I'm not sure if this is resolvable, but the UNI weights result in nan values when doing training or inference on float16. The following is on a H&E stain image with imagenet normalization:

path = hf_hub_download("MahmoodLab/UNI", filename="pytorch_model.bin")
model = timm.create_model("vit_large_patch16_224", init_values=1e-5, num_classes=0).to(device)

missing_k, unexpected_k = model.load_state_dict(torch.load(path), strict=False)
print(f'Missing keys: {missing_k}')
print(f'Unexpected keys: {unexpected_k}')

with torch.autocast(device_type='cuda', dtype=torch.float32):
    print(f'float32 output: {model(batch_img)}')
with torch.autocast(device_type='cuda', dtype=torch.float16):
    print(f'float16 output: {model(batch_img)}')

model_imagenet = timm.create_model("vit_large_patch16_224", init_values=1e-5, num_classes=0, pretrained=True).to(device)

with torch.autocast(device_type='cuda', dtype=torch.float32):
    print(f'float32 output: {model_imagenet(batch_img)}')
with torch.autocast(device_type='cuda', dtype=torch.float16):
    print(f'float16 output: {model_imagenet(batch_img)}')

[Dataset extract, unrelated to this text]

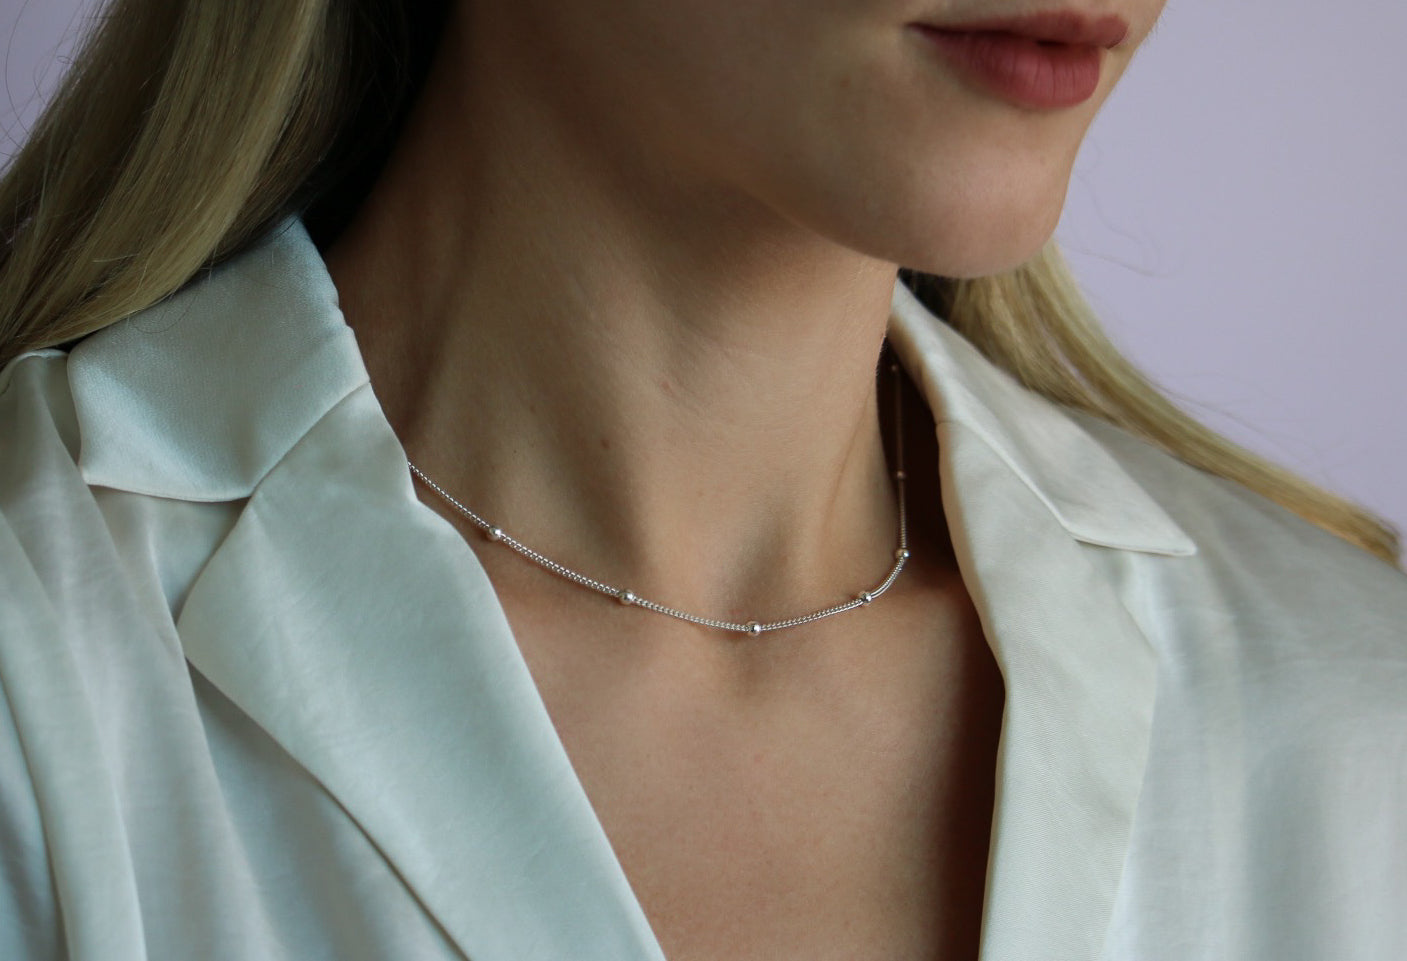 14K White Gold Bead Station Necklace

Output: Half-precision works for default ImageNet-pretrain weights but not UNI.

Missing keys: []
Unexpected keys: []
float32 output: tensor([[-0.9344, -0.0447,  2.0671,  ...,  0.1991,  1.0729, -0.1812]],
       device='cuda:0', grad_fn=<SelectBackward0>)
float16 output: tensor([[nan, nan, nan,  ..., nan, nan, nan]], device='cuda:0',
       grad_fn=<SelectBackward0>)
float32 output: tensor([[ 1.3607,  0.1251, -0.2508,  ...,  0.2557, -0.1732,  0.6628]],
       device='cuda:0', grad_fn=<SelectBackward0>)
float16 output: tensor([[ 1.3607,  0.1251, -0.2508,  ...,  0.2557, -0.1732,  0.6628]],
       device='cuda:0', grad_fn=<SelectBackward0>)
LostGeorge commented 8 months ago

Resolved by Updating timm (0.6.12 -> 0.9.2).